John the Englishman was first in to be greeted by two high
ranking officers.
"John, we in the SAS are double-hard bastards", said one.
"In order to join, you too must prove you are a double-hard
bastard", said the other.
"We have organised a test. Through that door is your wife. On
the table beside where she is sitting is a revolver. Go in there
and shoot her", said the first one, not telling him that the gun
only fires blanks!
John the Englishman immediately breaks down sobbing stating
that he cannot do it and so he fails the test.
Mic the Scotsman is next and is given the same instructions
but after 5 mins in the other room he comes back in and declares
his undying love for his wife and so he too fails.
Paddy the Irishman is given the task also. He slowly stands up
and enters the other room. The two officers wait expectantly and
then BANG
BANG BANG BANG BANG BANG. 6 shots fired and then silence. The
silence lasts for a couple of moments and then there is an
unmerciful scuffle. The place gets trashed. After 5 minutes the
door opens and out walks Paddy, clothes torn to shreds, blood
everywhere.
"Jaysus but that f****in gun was useless. I had to beat the bitch
to death with the chair!"

[deleted account]

Three men are sitting in the maternity ward.
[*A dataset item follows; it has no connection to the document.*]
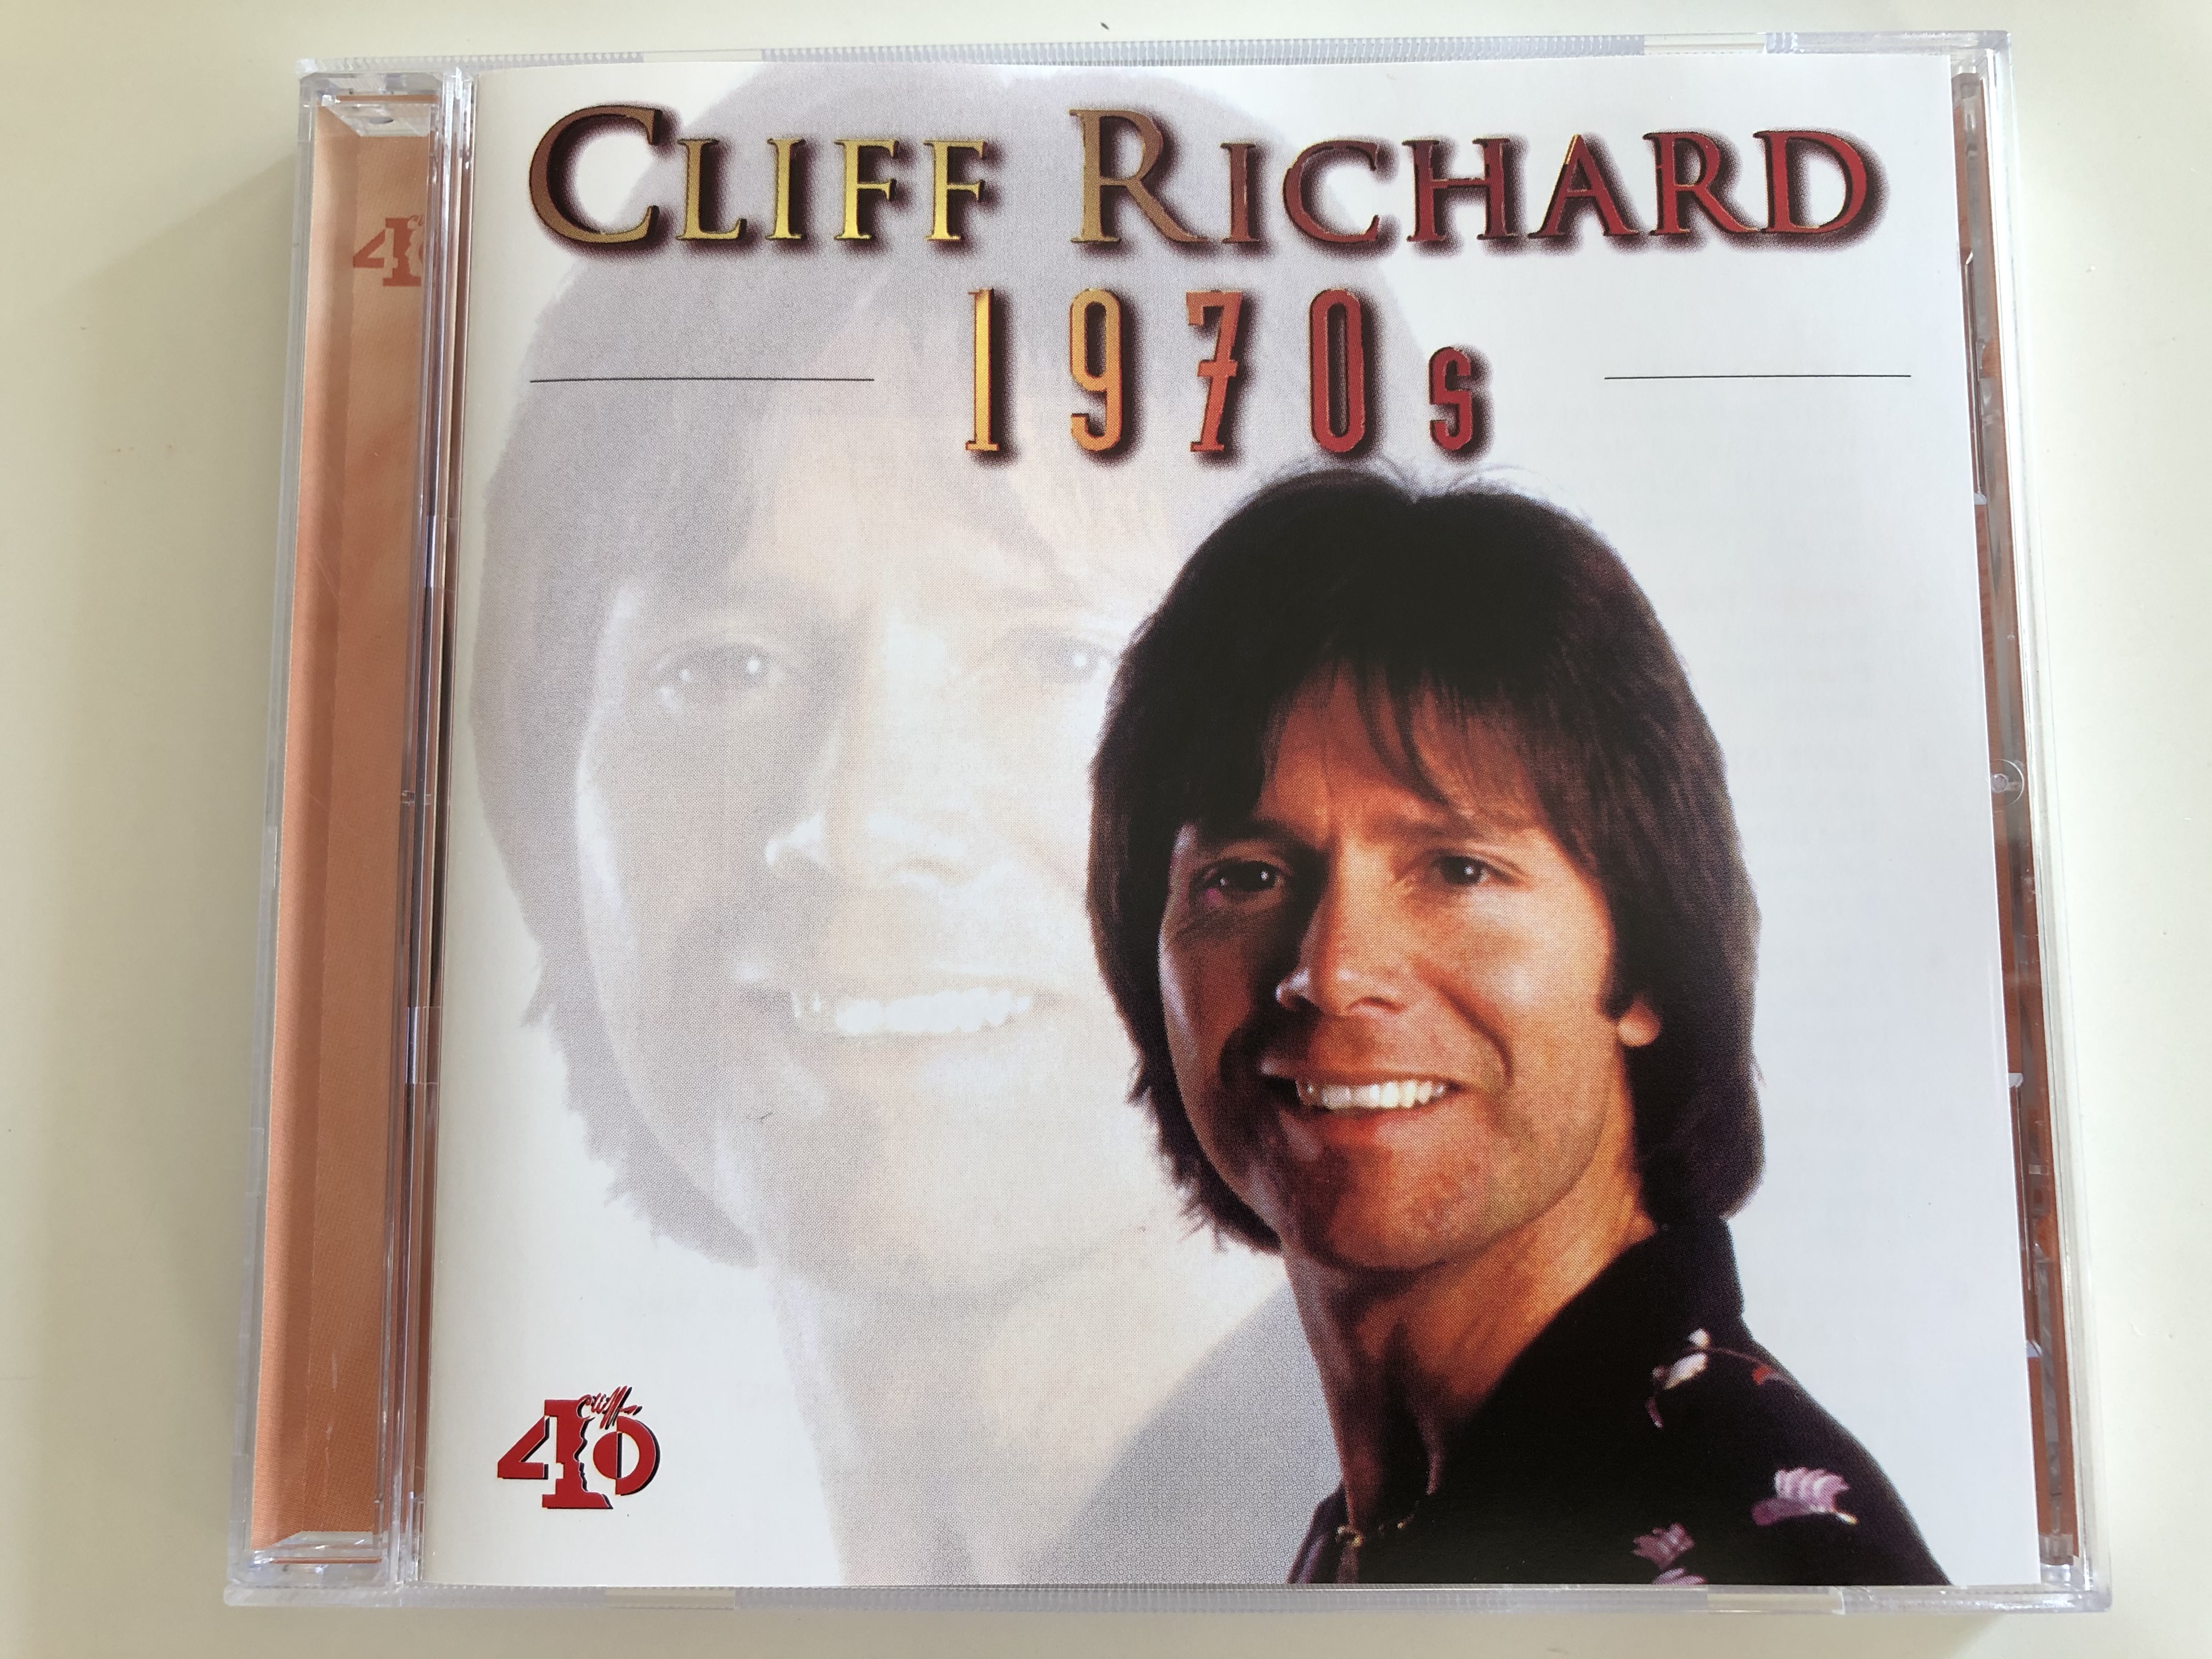 cliff-richard-1970s-emi-audio-cd-1998-724349713420-1-.jpg

One is an Englishman, one a Welshman and the other a Jamaican. Suddenly the doctor comes and says,

"Gentlemen, your wives have all had little boys! However in the confusion we may have mixed the babies up. Could you come to the nursery to help us identify them?"

The Welshman ran to the nursery, picked up a dark-skinned baby with dreadlocks and said,

"This boy is mine."

The surprised doctor said, "But this child looks Jamaican."
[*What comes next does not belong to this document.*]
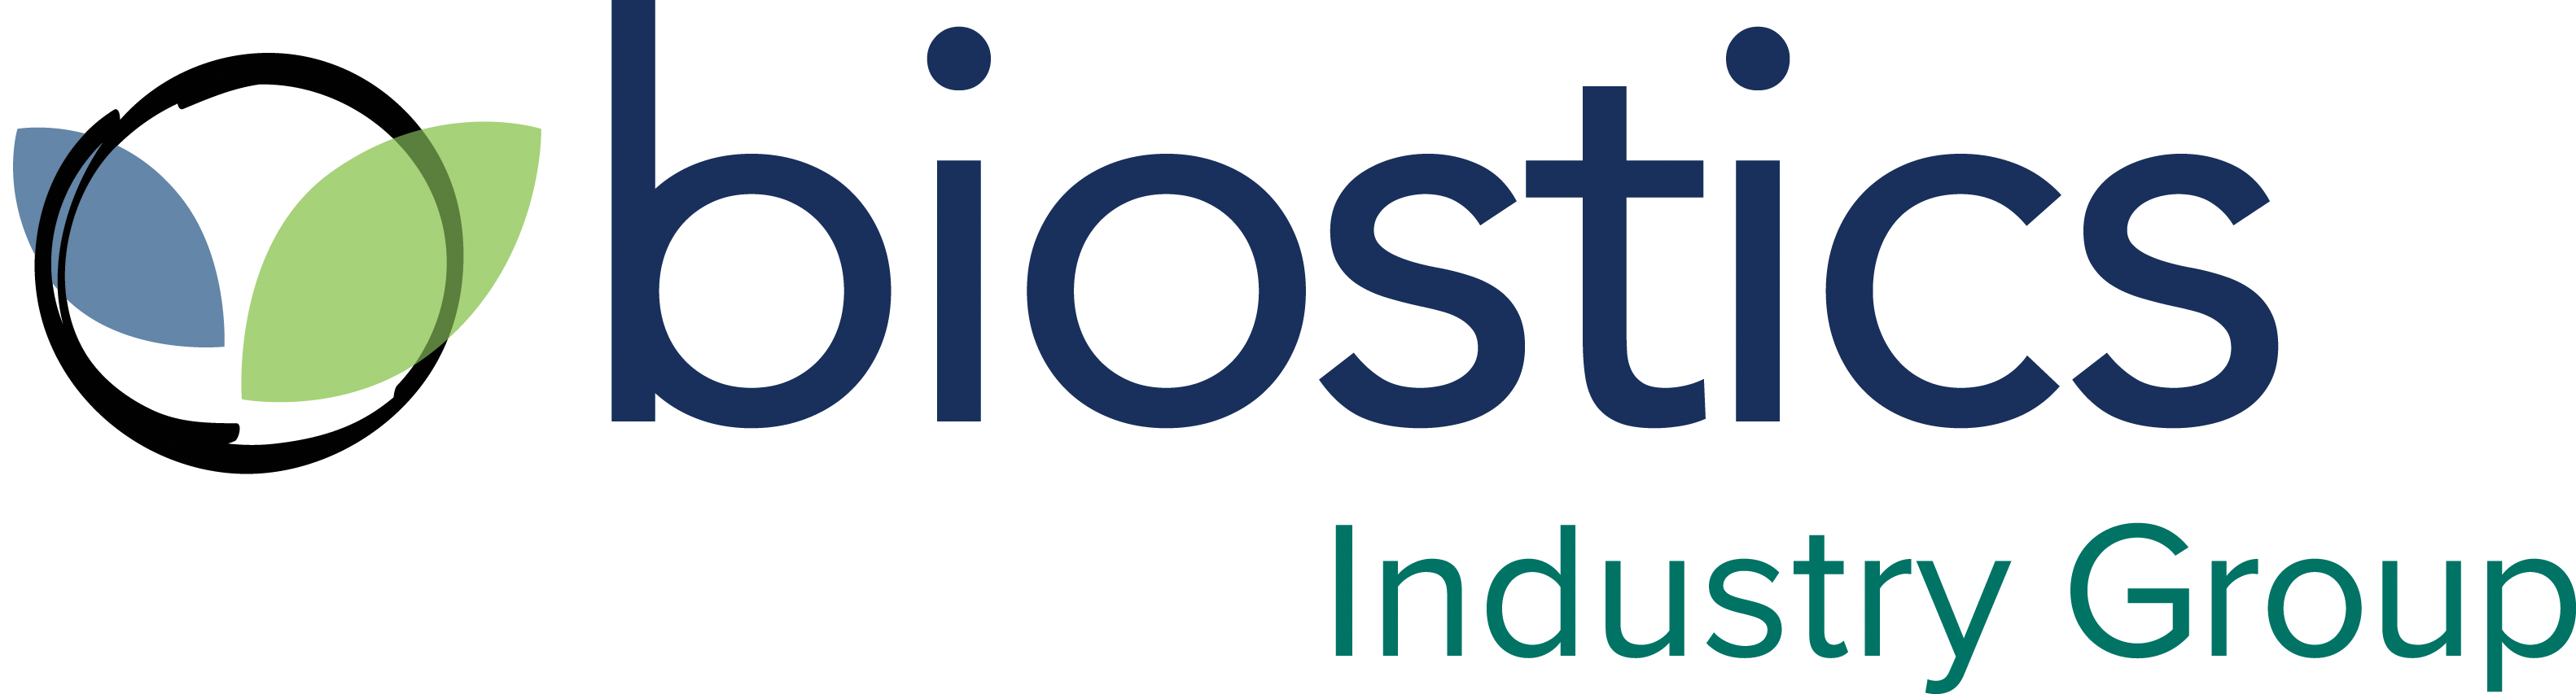 Biostics Industry Group

"True," said the Welshman "but there is a fifty fifty chance that one of the others is English, and I'm not taking the risk."

[deleted account]

Richard and Patrick were coming out of a pub in Wales one evening when Richard spotted a Sheep with its head stuck in the railings.

"Look at that Paddy, we cant miss a chance like that" says Richard

So Richard walks up behind the sheep, drops his trousers and does this business.

Richard then says "Okay Paddy its your turn next"

So Paddy drops his trousers and stuck his head in the railings......

[deleted account]

How can you spot a blindman in a nudist camp?

It ain't hard


Did you hear about the blind man who bled to death trying to read a cheese grater?

[deleted account]

How do you know ET is a scouser?



He looks like one





What do you call a scouser in a suit?



The accused





Why does the Mersey run through Liverpool?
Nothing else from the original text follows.